Use python2.7 to crawl watercress movie top250

Source: Internet
Author: User
This plugin makes it easy to see many things, including HTML.

Open the Watercress Movie Leaderboard top250 page, found that each page has 25 movies, altogether 10 pages, each page URL has the following characteristics:

Http://movie.douban.com/top250?start=0

Http://movie.douban.com/top250?start=25

Http://movie.douban.com/top250?start=50

Http://movie.douban.com/top250?start=75

......

And so you only need to use loops on the back of the 0,25,... 225 processing can be done.

Click on any of the movies in the Chinese name, right click on the mouse "view elements" to view the HTML source code:

You can find the name of the movie and the English name in it .

You can use regular expressions (. *) to match the Chinese name and English name of the movie, but only to get the Chinese name, so you need to filter the English name.

The filter method can be implemented using the Find (str,pos_start,pos_end) function, rejecting the characteristic features in English names: "and"/", see the code.

3. Code implementation

The code here is simple, so you don't have to define a function.

#!/usr/bin/python#-*-coding:utf-8-*-#import requests,sys,refrom bs4 import beautifulsoupreload (SYS) Sys.setdefaultencoding (' utf-8 ') print ' is fetching data from the Watercress movie Top250 ... ' for page in range:    url= ' https:// Movie.douban.com/top250?start= ' +str ((page-1) *25)    print '---------------------------is crawling the first ' +str (page+1) + ' page ...--------------------------------'    html=requests.get (URL)    html.raise_for_status ()    try:        Soup=beautifulsoup (Html.text, ' Html.parser ')        soup=str (soup) # Use regular expressions to convert Web page text to string        title=re.compile (R ' (. *)')        Names=re.findall (title,soup) for        name in names:            if Name.find (') ==-1 and Name.find ('/') ==-1: # Excludes English names (English name features are "and"/")                Print name            # created, score    except Exception as e:        print eprint ' crawl complete! '
  • Related Article

    Contact Us

    The content source of this page is from Internet, which doesn't represent Alibaba Cloud's opinion; products and services mentioned on that page don't have any relationship with Alibaba Cloud. If the content of the page makes you feel confusing, please write us an email, we will handle the problem within 5 days after receiving your email.
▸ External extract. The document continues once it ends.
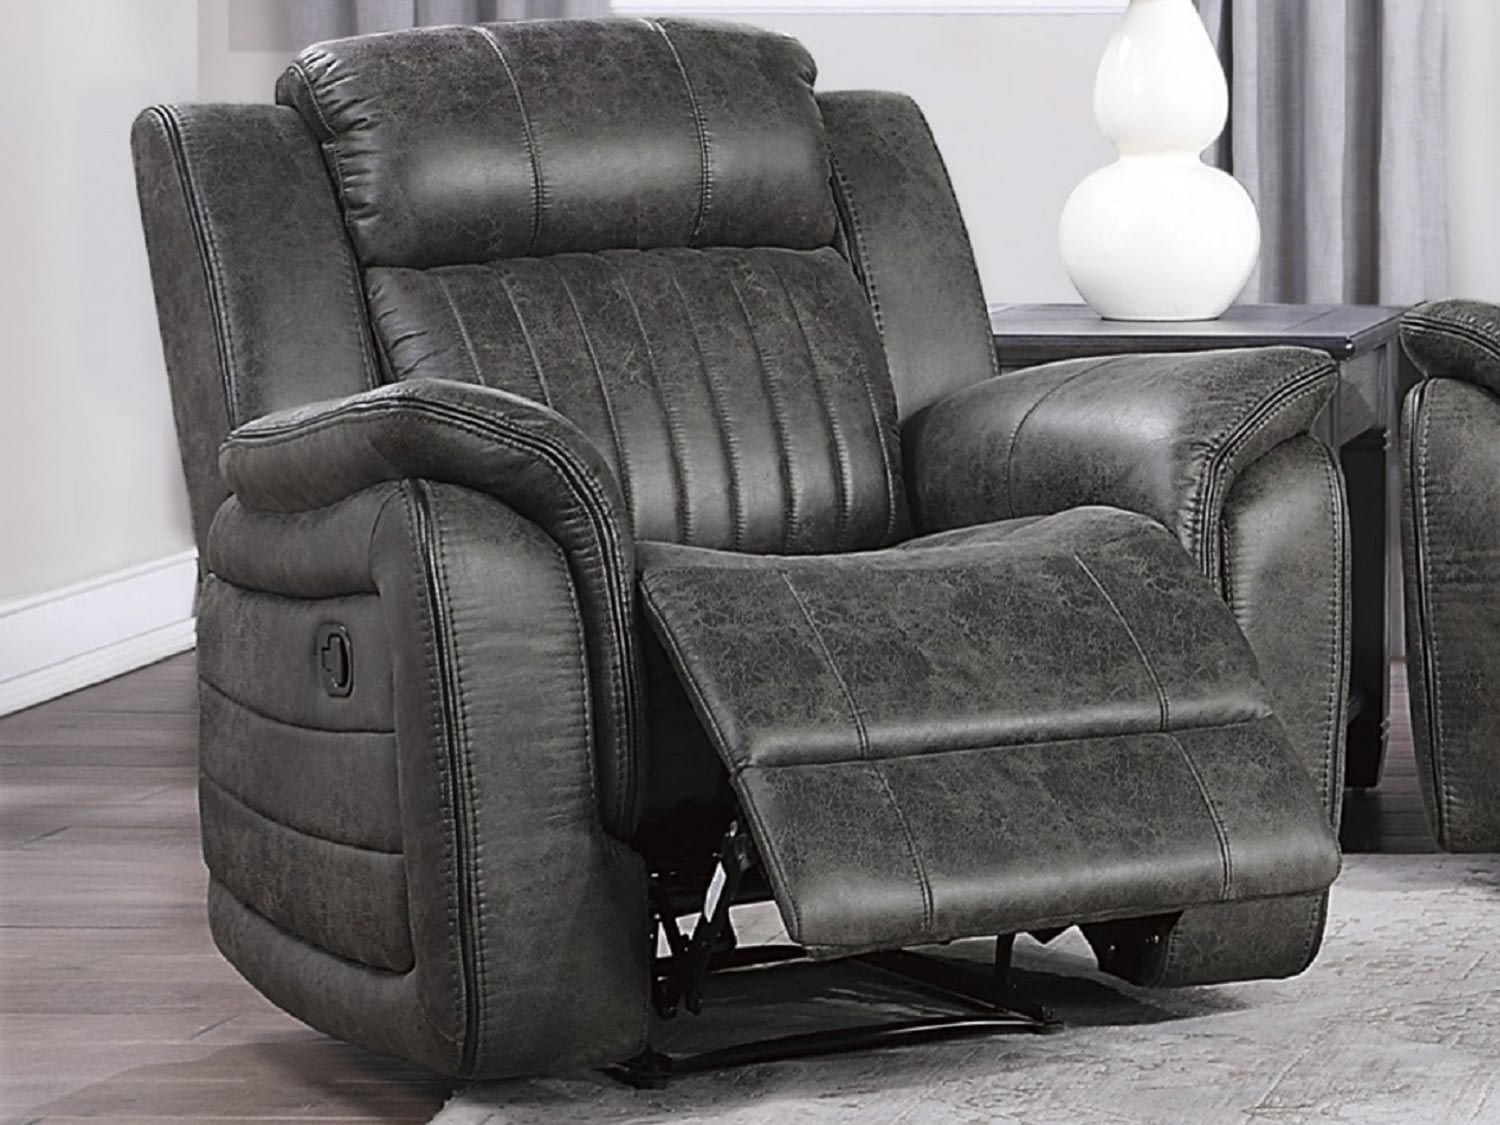 SONORA Recliner Chair

    If you find any instances of plagiarism from the community, please send an email to: info-contact@alibabacloud.com and provide relevant evidence. A staff member will contact you within 5 working days.

    A Free Trial That Lets You Build Big!

    Start building with 50+ products and up to 12 months usage for Elastic Compute Service

    • Sales Support

      1 on 1 presale consultation

    • After-Sales Support

      24/7 Technical Support 6 Free Tickets per Quarter Faster Response

    • Alibaba Cloud offers highly flexible support services tailored to meet your exact needs.